‘In the words of Othello, sir,’ said Mr. Warr: ‘“I kissed her ere I killed her.”’ He smiled self-consciously, but instantly grew grave again. ‘You know me, Mr. Darco. You have my highly superior word. I never go back on it, sir.’

Mr. Warr kept his word, but he grew insufferably self-righteous, and preached total abstinence to everybody, from Darco to the call-boy. He atoned for this unconsciously by the longing calculations he made.

‘I have consulted the almanac,’ he confided to Paul; ‘it is two hundred and seventy-one days to my next drink.’

After this he offered a figure almost daily: ‘Two seventy. A dry journey, Mr. Armstrong.‘’Two fifty, sir, two fifty. The longest lane must turn, sir.’ Then, after a long spell of yearning: ‘Only two hundred now, sir. I should like to obliterate two hundred. But a Warr’s word is sacred.’

‘Now,’ said Paul one day, ‘why don’t you take advantage of this sober spell to cure yourself of the craving, in place of looking forward to the next outburst and counting the days between? Why don’t you make up your mind to have done with it altogether?

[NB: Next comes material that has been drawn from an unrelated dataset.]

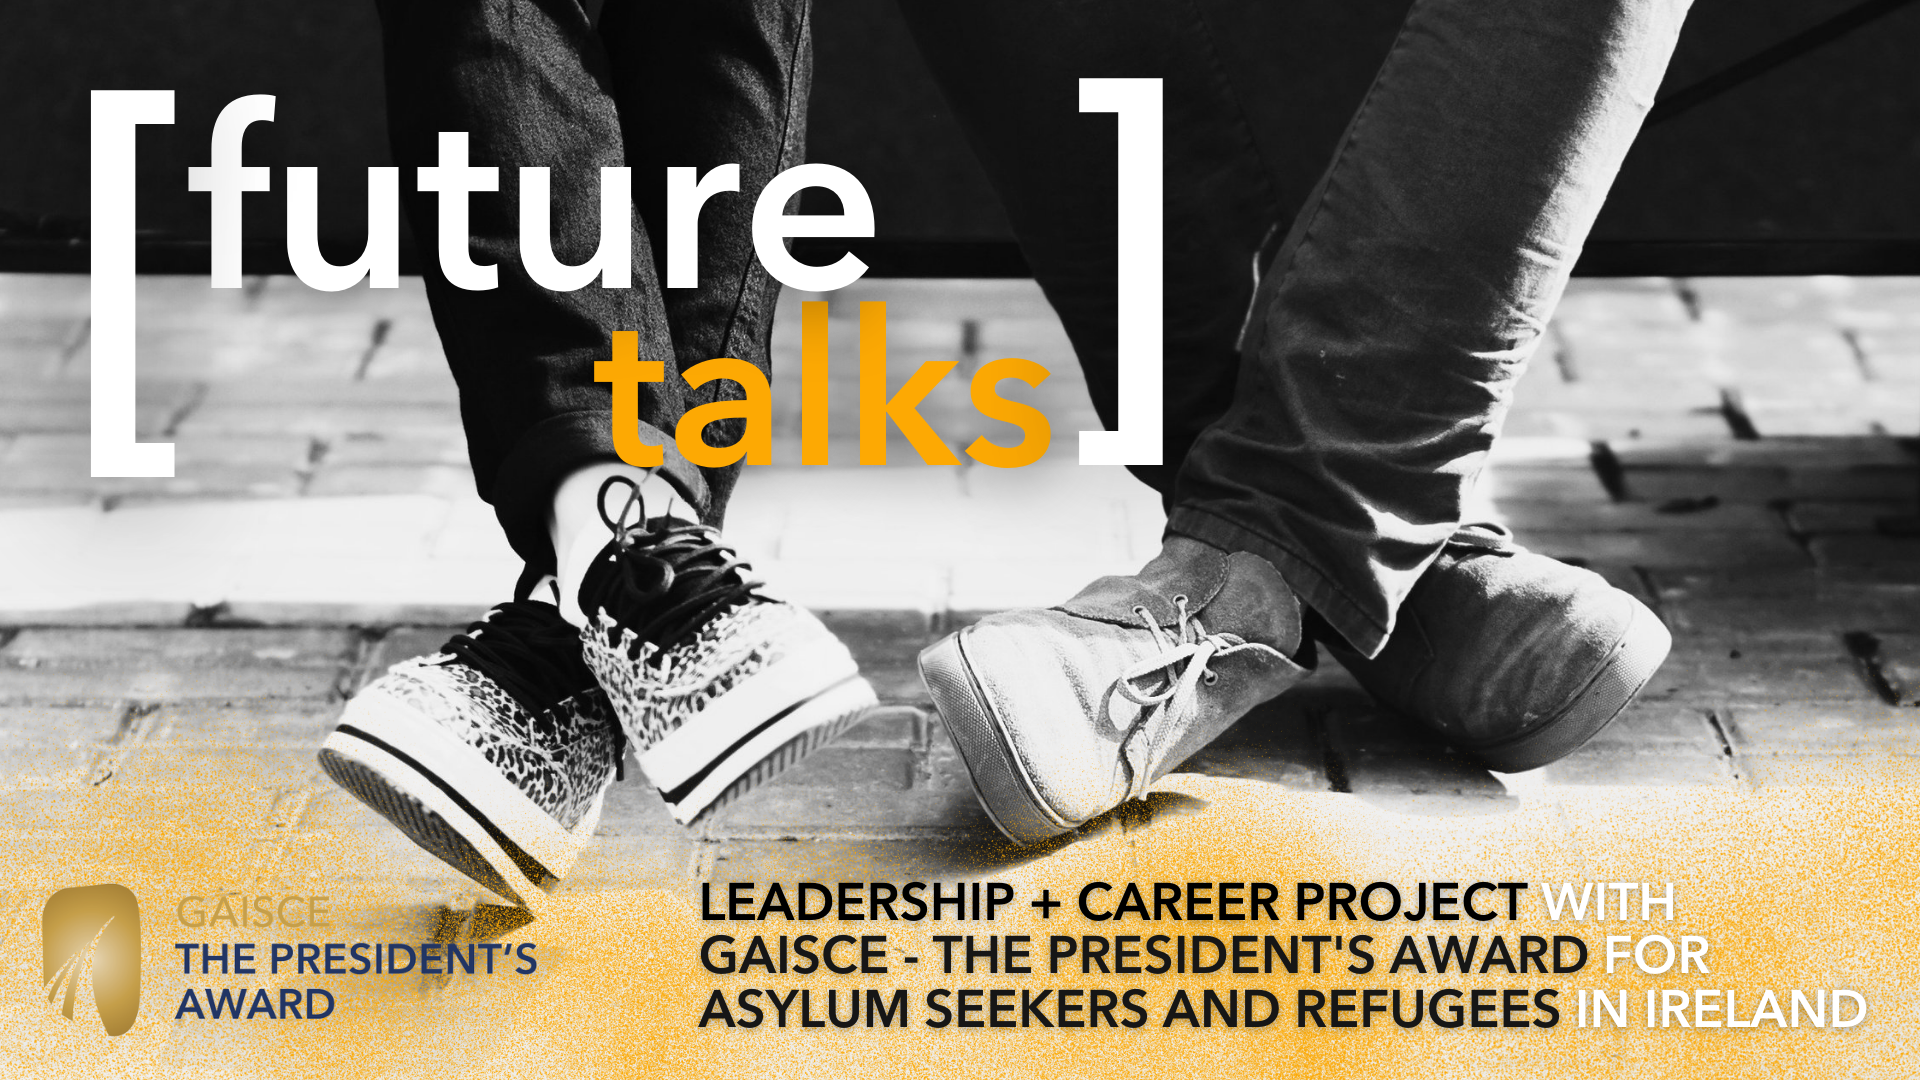 Future Talks - a leadership and career project with Gaisce for Asylum Seekers and Refugees in Ireland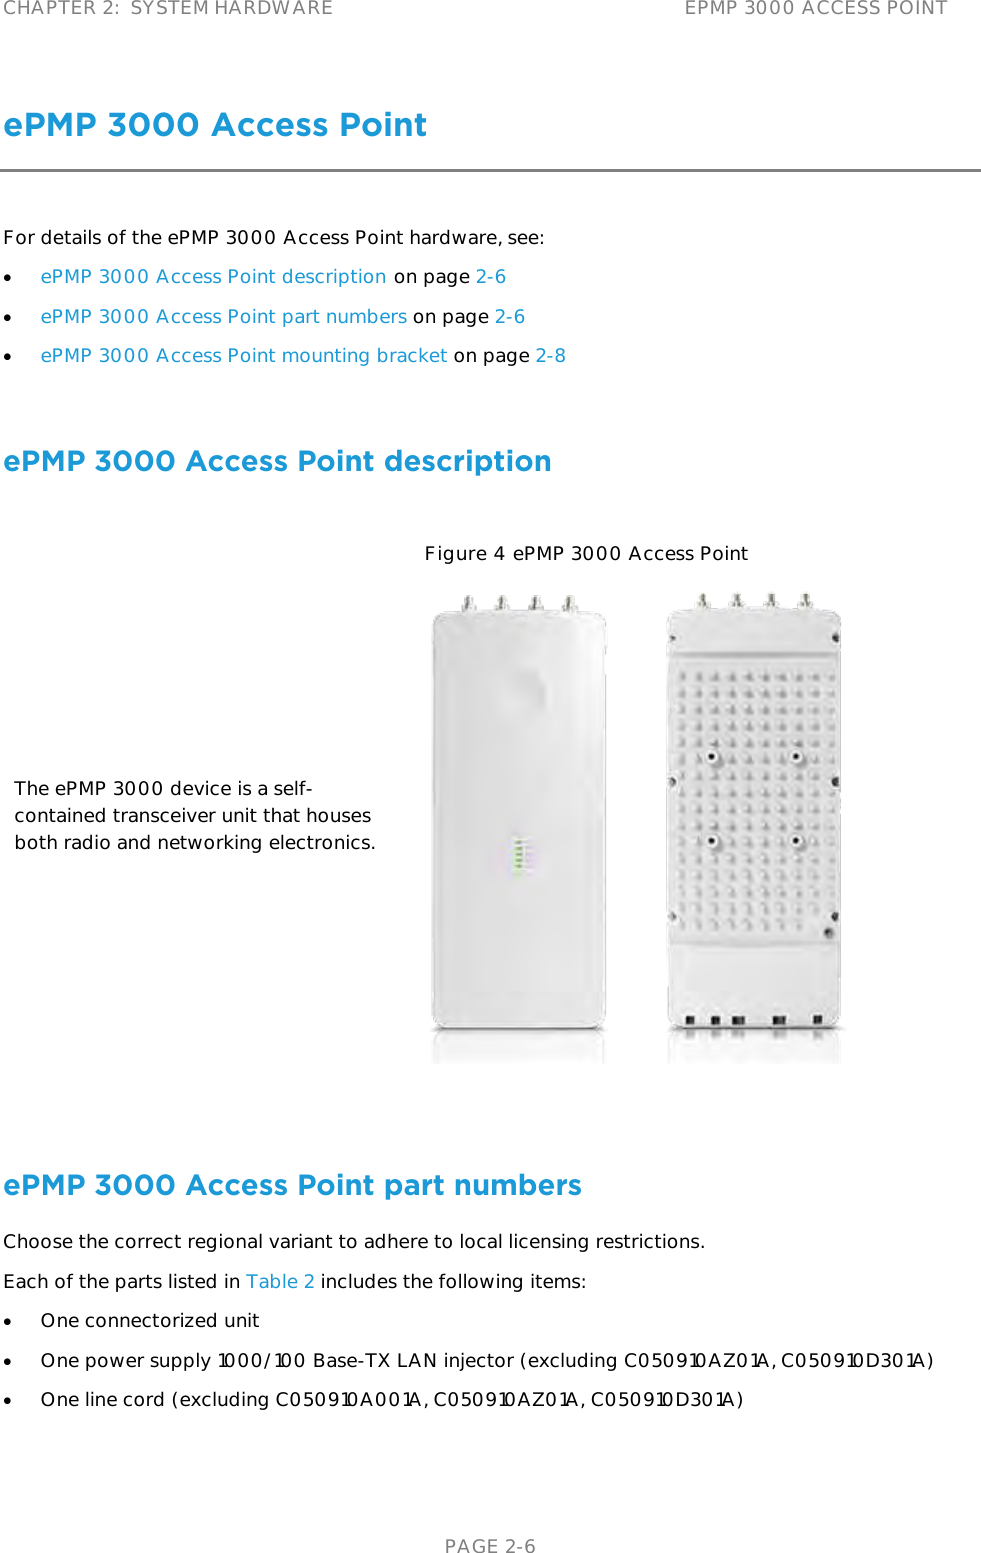 CHAPTER 2:  SYSTEM HARDWARE EPMP 3000 ACCESS POINT   PAGE 2-6 ePMP 3000 Access Point For details of the ePMP 3000 Access Point hardware, see:  ePMP 3000 Access Point description on page 2-6  ePMP 3000 Access Point part numbers on page 2-6  ePMP 3000 Access Point mounting bracket on page 2-8  ePMP 3000 Access Point description The ePMP 3000 device is a self-contained transceiver unit that houses both radio and networking electronics.  Figure 4 ePMP 3000 Access Point   ePMP 3000 Access Point part numbers Choose the correct regional variant to adhere to local licensing restrictions. Each of the parts listed in Table 2 includes the following items:  One connectorized unit  One power supply 1000/100 Base-TX LAN injector (excluding C050910AZ01A, C050910D301A)  One line cord (excluding C050910A001A, C050910AZ01A, C050910D301A)

‘Sir,’ said Mr. Warr with intense solemnity, ‘if I thought I had tasted my last liquor, I’d cut my throat.’

‘If ever I find myself disposed to feel like that,’ Paul answered, ‘I will cut my own.’

‘Oh dear no, you won’t, sir,’ said Mr. Warr. ‘If ever you go that way at all, you’ll slide into it. You will always believe that you could drop it at any moment until you find you can’t. Then you’ll be reconciled, like the rest of us.’

Paul had little fear. His temptation, he told himself, did not lie in that direction.